A detailed printout of key metrics (Accuracy, ROC AUC, Average Precision, etc.).
A full classification report.
A confusion matrix.
Beautifully plotted ROC and Precision-Recall curves.

Example of classification metrics, report, and confusion matrix (at threshold = 0.7)

Example of precision vs recall and ROC (TPR vs FPR) curves

Example of classification metrics, report, and confusion matrix (at threshold = 0.5, for comparison)

Generating a Synthetic Distribution.

Need to create a dataset with specific statistical properties? - generate_distribution_from_metrics can do that.

from ds_tools import DSTools, DistributionConfig

tools = DSTools()

# Define the desired metrics
metrics_config = DistributionConfig(
    mean=1042,
    median=330,
    std=1500,
    min_val=1,
    max_val=120000,
    skewness=13.2,
    kurtosis=245, # Excess kurtosis
    n=10000
)

# Generate the data
generated_data = tools.generate_distribution_from_metrics(n=10000, metrics=metrics_config)
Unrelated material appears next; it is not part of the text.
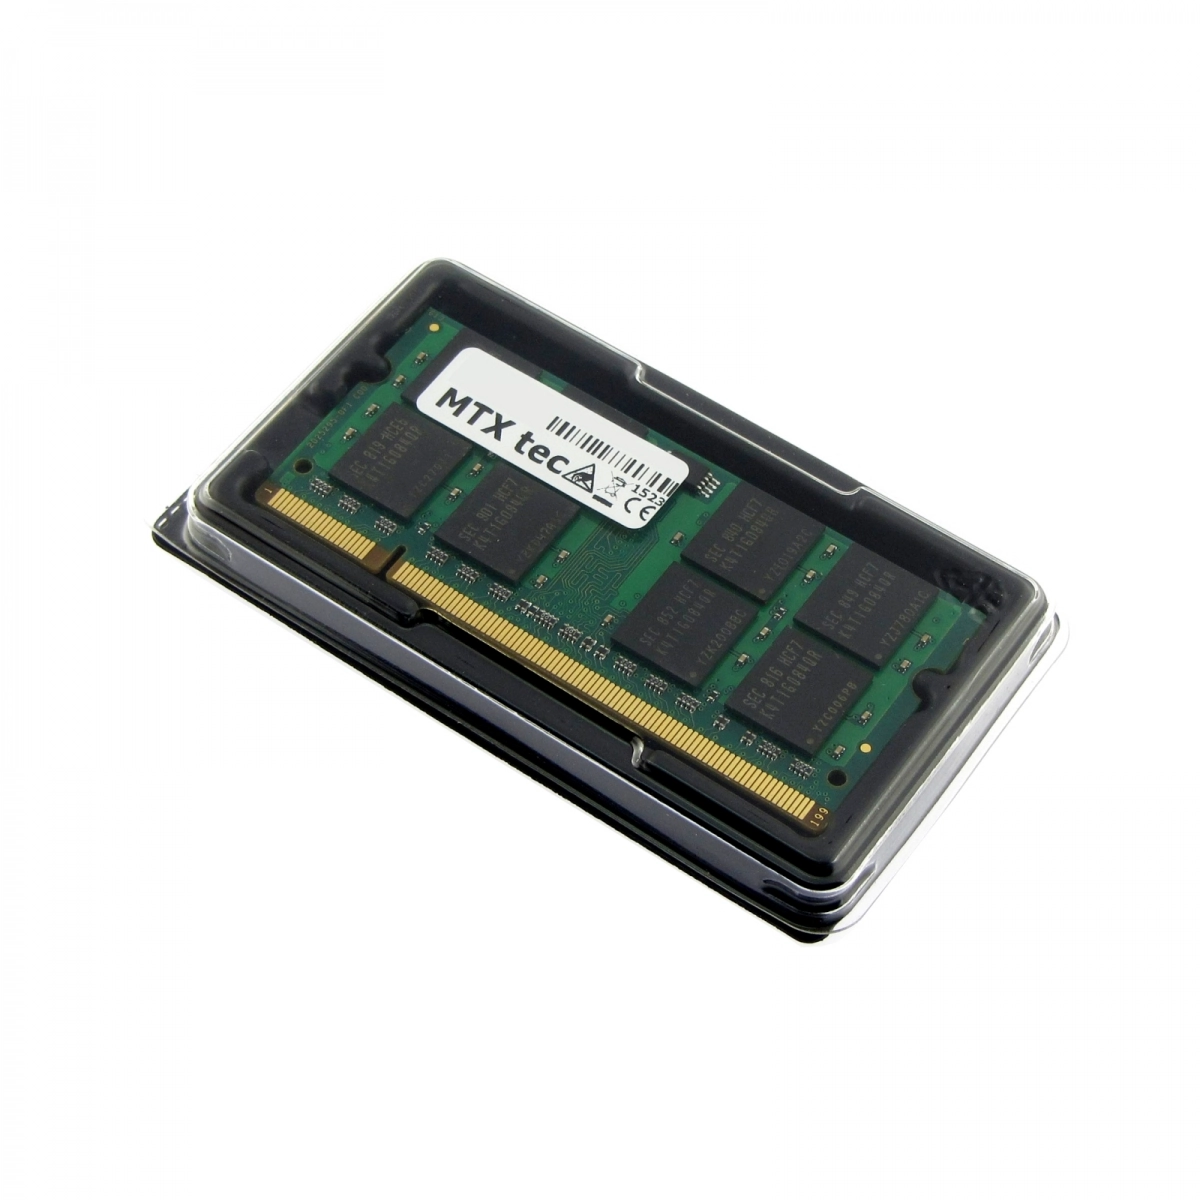 MTXtec Arbeitsspeicher 2 GB RAM für ACER Aspire 1410 (11.6)

print(f"Generated Mean: {np.mean(generated_data):.2f}")
print(f"Generated Std: {np.std(generated_data):.2f}")

Comparative analysis of target statistical parameters against actual generated data results (scenario A)

Comparative analysis of target statistical parameters against actual generated data results (scenario B)

Correlation Matrix Heatmap

Visualize the relationships in your data with a highly customizable correlation matrix.

# --- Sample Data ---
data = {
    'feature_a': np.random.rand(100) * 100,
    'feature_b': np.random.rand(100) * 50 + 25,
    'feature_c': np.random.rand(100) * -80,
}
df = pd.DataFrame(data)
df['feature_d'] = df['feature_a'] * 1.5 + np.random.normal(0, 10, 100)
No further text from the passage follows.